EmbedChain and Chatbots
It’s been a while since my last post as I have been busy with my projects at Mighty Jaxx, especially related to the e-commerce side of things. I recently had a good chat with Kestrel Lee who is a Creative Director based in China and he brought up a point of using LLMs to create chatbots to serve as the first line of customer support for common customer queries.
So instead of hiring an army of customer service agents, you can reduce it to a small number of real life customer support agents who will answer more complicated queries while the LLMs based chatbots will handle the most mundane queries. It’s just like now no one uses pen and paper to calculate complex formulas when they can just use calculators to do it for them.
So I was looking at LangChain as it is 1 of most popular framework for creating LLM based applications including Chat bots. And recently, I came across a chat message in Telegram where someone mentioned EmbedChain as a new Python framework which allows you to create LLM powered bots easily in Python or JS. So I decided to give it a try and see how EmbedChain stacks up against LangChain for my LLM chat bot.
The Git repo for EmbedChain can be found at https://github.com/embedchain/embedchain and the README.md file says “Embedchain is a framework to easily create LLM powered bots over any dataset. If you want a javascript version, check out embedchain-js”. That sounded pretty good for my use case.
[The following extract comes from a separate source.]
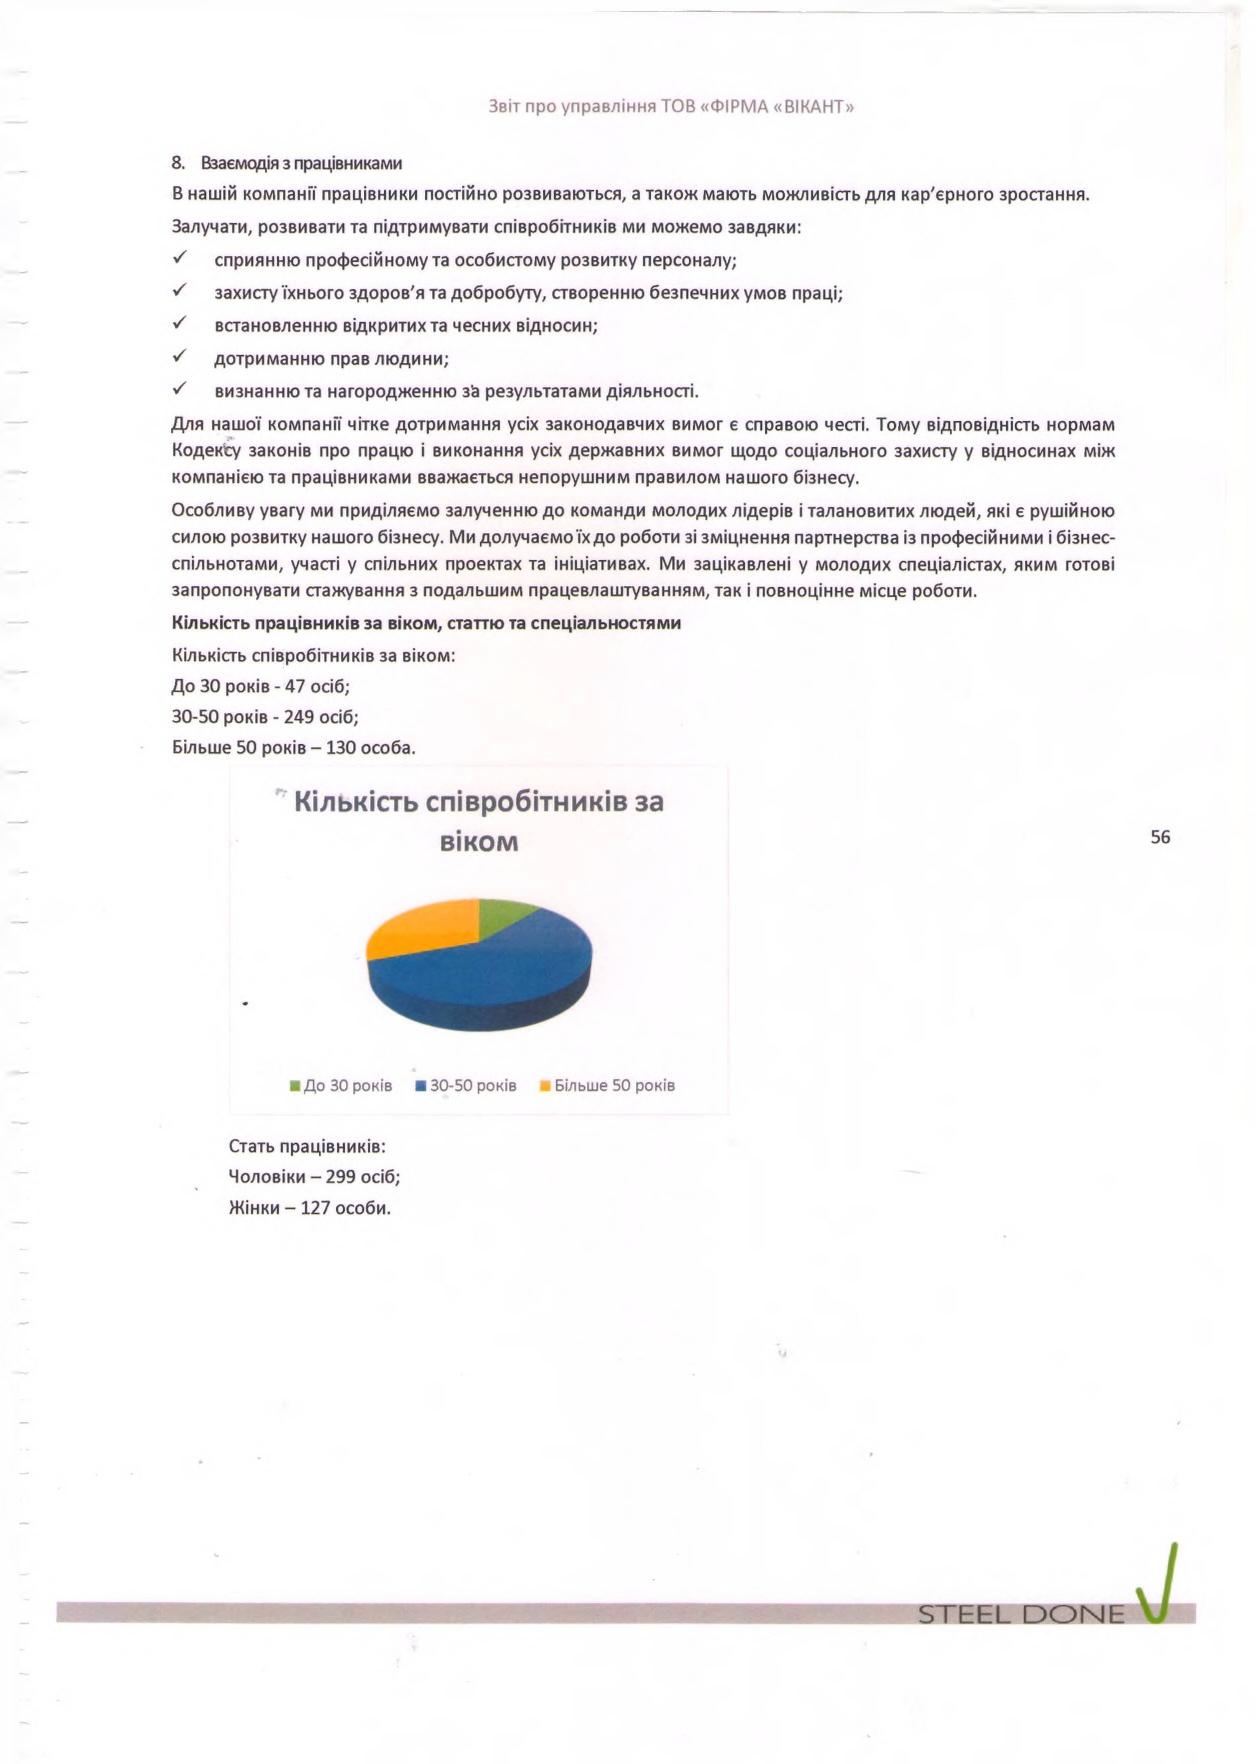 Финансовая отчётность Викант 2020 год

So, I decided to give EmbedChain a try and add in a PDF of my resume for my simple chatbot. To create a simple UI, I chose Streamlit as the UI package for my chatbot. The initialization of the code comprised of just a few simple steps
First, I added a few simple imports
import streamlit as st #use streamlit for the UI
import os
from embedchain import App #need this for EmbedChain
Next, I added in my ChatGPT API key as that is the LLM that I will use
# Create a bot instance
os.environ["OPENAI_API_KEY"] = "" #Add in your OpenAI API key here
EmbedChain uses the OpenAI LLM by default, but it supports other LLMs such as Llama2, Cohere etc. You can check https://docs.embedchain.ai/advanced/app_types for a list of supported LLMs
Finally, I create an instance of the app
gibson_bot = App()
Next, I will need to load in the data sources. EmbedChain supports a wide variety of data sources such PDF files, Youtube videos, web pages etc. A full list of supported data sources can be found at https://docs.embedchain.ai/data-sources/csv.
For this example, I will add in a PDF which is downloaded from my Linkedin profile.
gibson_bot.add("datasource/Profile.pdf", data_type="pdf_file");
Notice that I do not need to specify any code to do embedding and chunking into a vector database to store the data. This is because when you add a data source. EmbedChain does the embedding and chunking into a default vector database for me automatically.
And EmbedChain supports the open source vector database ChromaDB by default https://www.trychroma.com/
After a successful addition of a data source, EmbedChain will automatically create a /db folder where it stores the embedded data source.
Next, I will put in the Streamlit code
if st.button('Submit query'):
wait_text = st.title("Please wait ...")
print("Submitting query '" + question + "'")
answer = gibson_bot.query(question)
wait_text.empty()
print(answer)
st.title(answer)
And that is it. My chatbot is complete. To run it, I will type
python3 -m streamlit run ui.py
in my Terminal to start my chatbot.
Here is a demo of the chatbot in action where it is able to pull my personal details from my resume and then respond to me in a Q&A format
My code is available here at
https://github.com/gibtang/embedchain-demo
as a reference if you need it.
From how I see it. AI and LLMs have the potential to augment our work and deliver more value to the customers, but it will not replace us entirely as AI/LLMs are a tool to be used. And a simple chatbot is just 1 of the many tools that we can use to delight customers.